Cui Guangxia, Guo Yu, Bai Wenpei
Department of Obstetrics and Gynecology, Beijing Shijitan Hospital, Capital Medical University, Beijing, China,
Department of Obstetrics and Gynecology, Beijing Shijitan Hospital, Capital Medical University, Beijing, China.
Oncology. 2025;103(7):644-654. doi: 10.1159/000542952. Epub 2024 Dec 23.
Appropriately stratifying the risk of adnexal masses is of great importance. Many diagnostic algorithms have been devised, most of which rely on ultrasound features. However, some remote areas lack trained sonographers. This study aimed to develop an alternative model to distinguish between malignant and benign adnexal masses in resource-constrained settings using clinical information rather than ultrasound data.
The study included women diagnosed with an adnexal tumor and scheduled for surgery between 2020 and 2023. Participants were divided into two groups based on histopathology reports: those with malignant adnexal masses and those with benign ones. Univariate and multivariate logistic regression analyses were used to identify independent predictors of adnexal mass malignancy. The training set yielded a nomogram model, which was then validated in the validation set. The model's effectiveness was evaluated using receiver operating characteristic (ROC), calibration, and clinical decision curve analysis (DCA) curves.
We randomly assigned 550 participants to the training and the validation sets in an 8:2 ratio. Logistic regression analyses identified age (OR = 1.044, p = 0.003), abdominal distension (OR = 0.139, p < 0.001), serum CA125 (OR = 1.007, p < 0.001), and serum carcinoembryonic antigen (CEA) (OR = 1.291, p = 0.004) as independent risk factors for predicting malignant adnexal tumors. A nomogram was constructed using these factors. The ROC curve showed an area under the curve of 0.846 (95% confidence interval [CI]: 0.783, 0.908) in the training set and 0.817 (95% CI: 0.668, 0.966) in the validation set. The calibration curve showed good consistency between model predictions and actual outcomes.

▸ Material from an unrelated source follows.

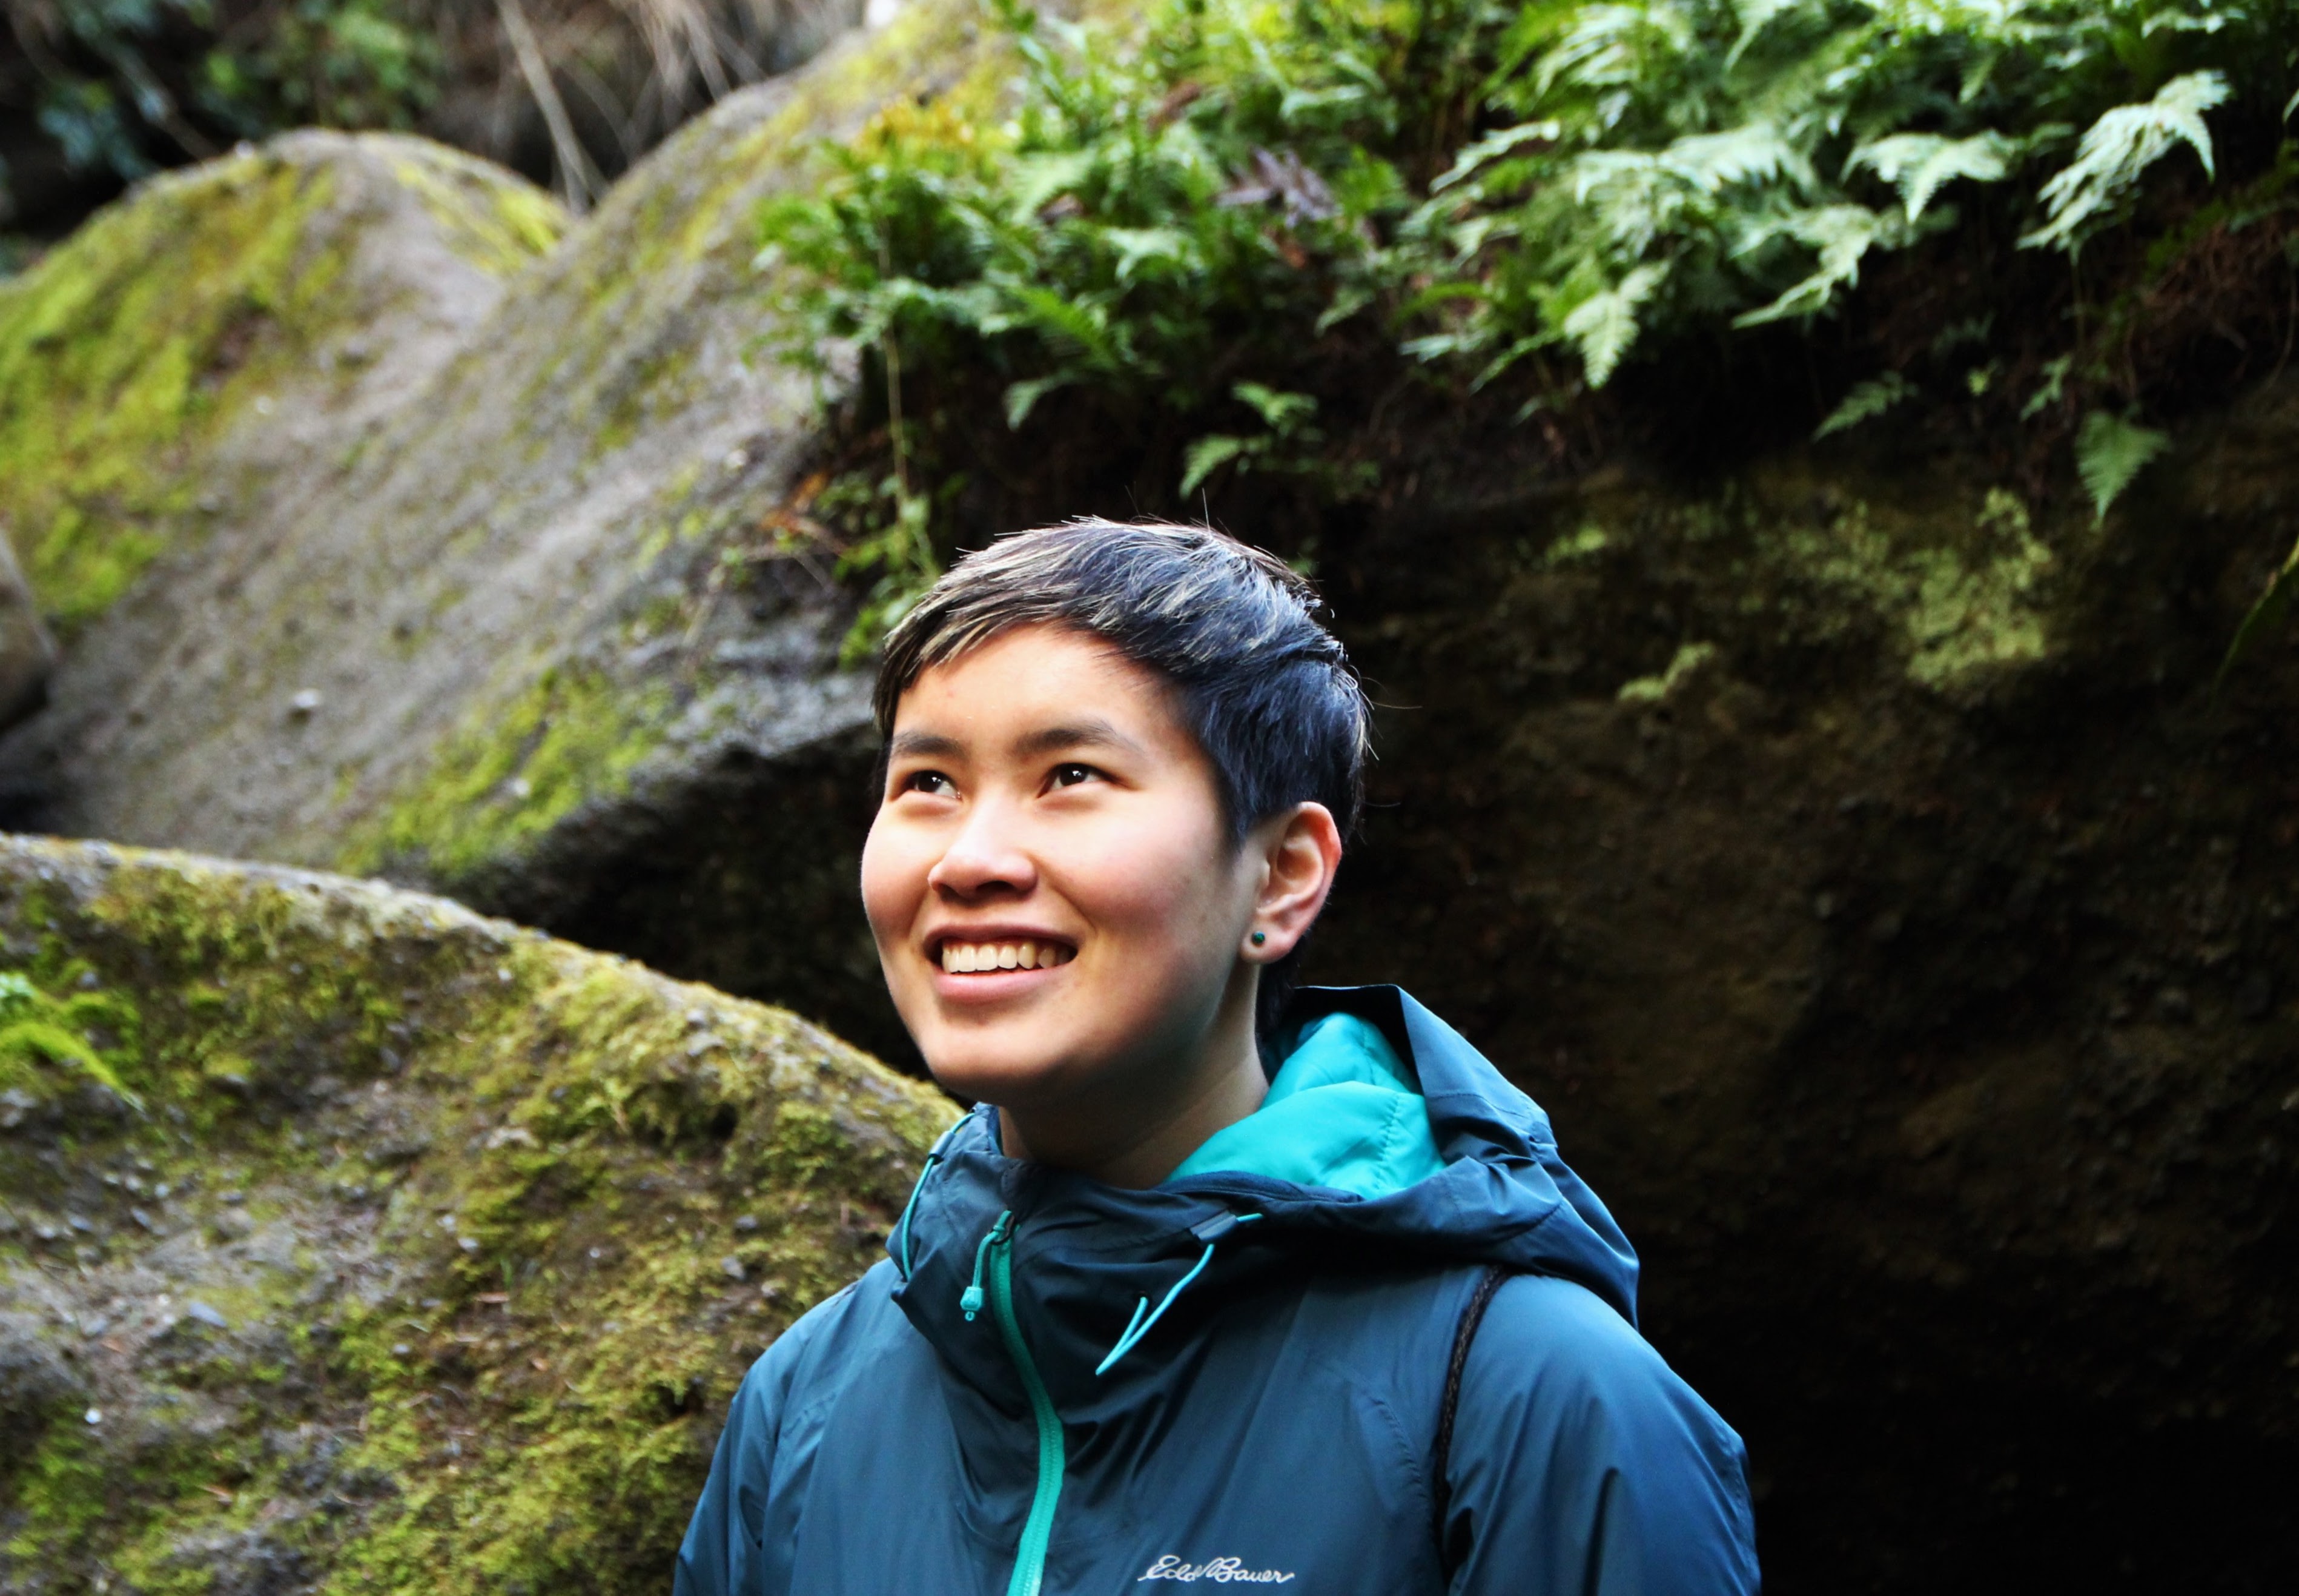 Young asian person (Katie) smiling while looking upward in front of large mossy rocks

The DCA curve demonstrated a considerable clinical advantage afforded by the model.
The logistic regression model can aid gynecologists - particularly those in areas with limited access to skilled sonographers - in identifying patients at high risk and implementing appropriate management strategies.

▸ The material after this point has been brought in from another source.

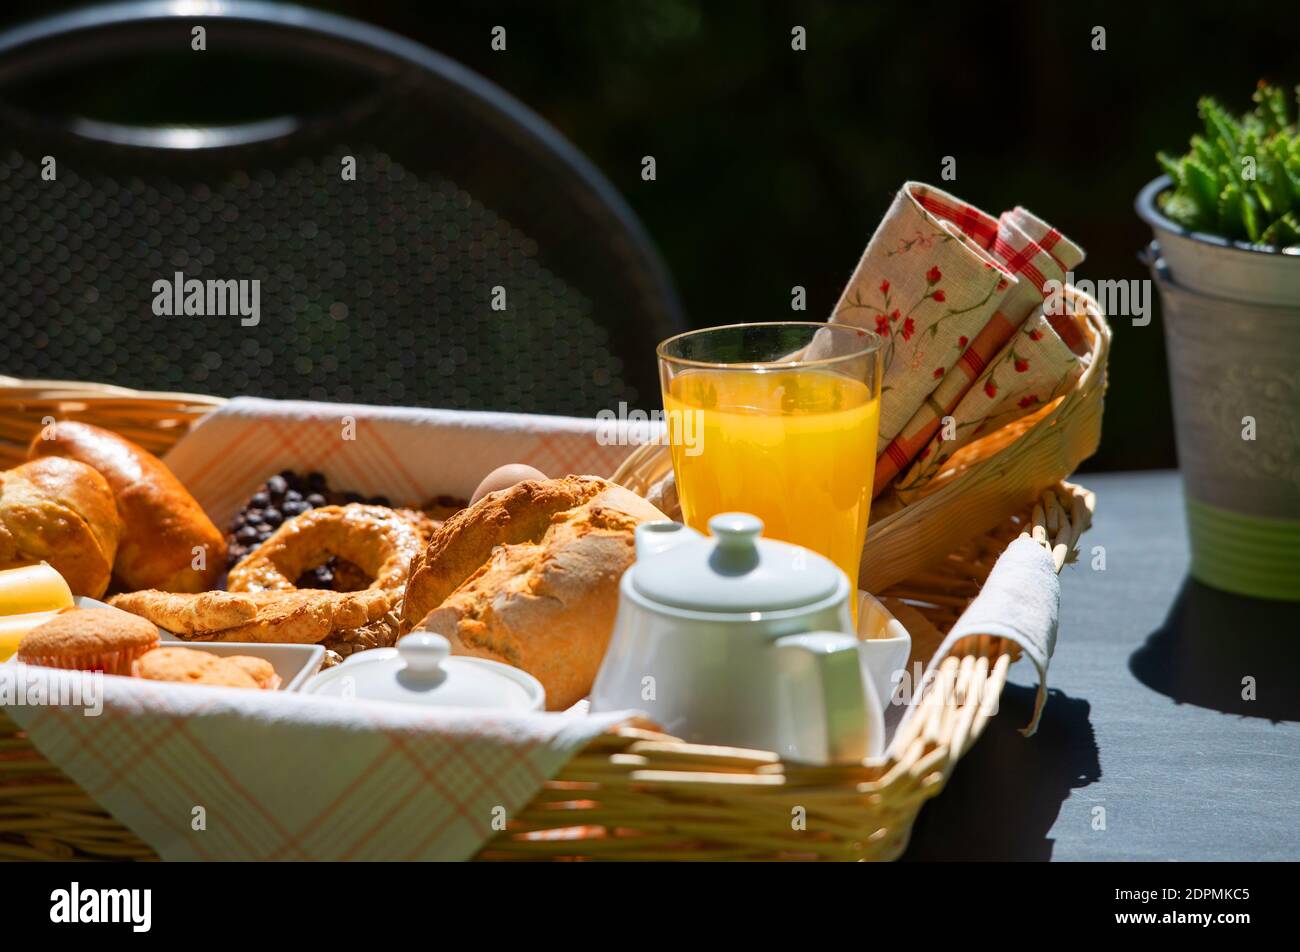 Close Up of continental breakfast with orange juice, tea and fresh croissants on table top surface in summer garden background Stock Photo

对附件包块的风险进行恰当分层至关重要。已经设计了许多诊断算法,其中大多数依赖超声特征。然而,一些偏远地区缺乏训练有素的超声检查人员。本研究旨在开发一种替代模型,以便在资源有限的情况下利用临床信息而非超声数据来区分附件包块的良恶性。
该研究纳入了2020年至2023年间被诊断为附件肿瘤并计划接受手术的女性。根据组织病理学报告将参与者分为两组:附件包块为恶性的和附件包块为良性的。采用单因素和多因素逻辑回归分析来确定附件包块恶性的独立预测因素。训练集产生了一个列线图模型,然后在验证集中进行验证。使用受试者操作特征(ROC)曲线、校准曲线和临床决策曲线分析(DCA)曲线对模型的有效性进行评估。
我们以8:2的比例将550名参与者随机分配到训练集和验证集。逻辑回归分析确定年龄(OR = 1.044,p = 0.003)、腹胀(OR = 0.139,p < 0.001)、血清CA125(OR = 1.007,p < 0.001)和血清癌胚抗原(CEA)(OR = 1.291,p = 0.004)为预测附件恶性肿瘤的独立危险因素。利用这些因素构建了一个列线图。ROC曲线显示训练集中曲线下面积为0.846(95%置信区间[CI]:0.783,0.908),验证集中为0.817(95%CI:0.668,0.966)。校准曲线显示模型预测与实际结果之间具有良好的一致性。DCA曲线表明该模型具有相当大的临床优势。
逻辑回归模型可以帮助妇科医生——尤其是那些所在地区难以获得熟练超声检查人员的医生——识别高危患者并实施适当的管理策略。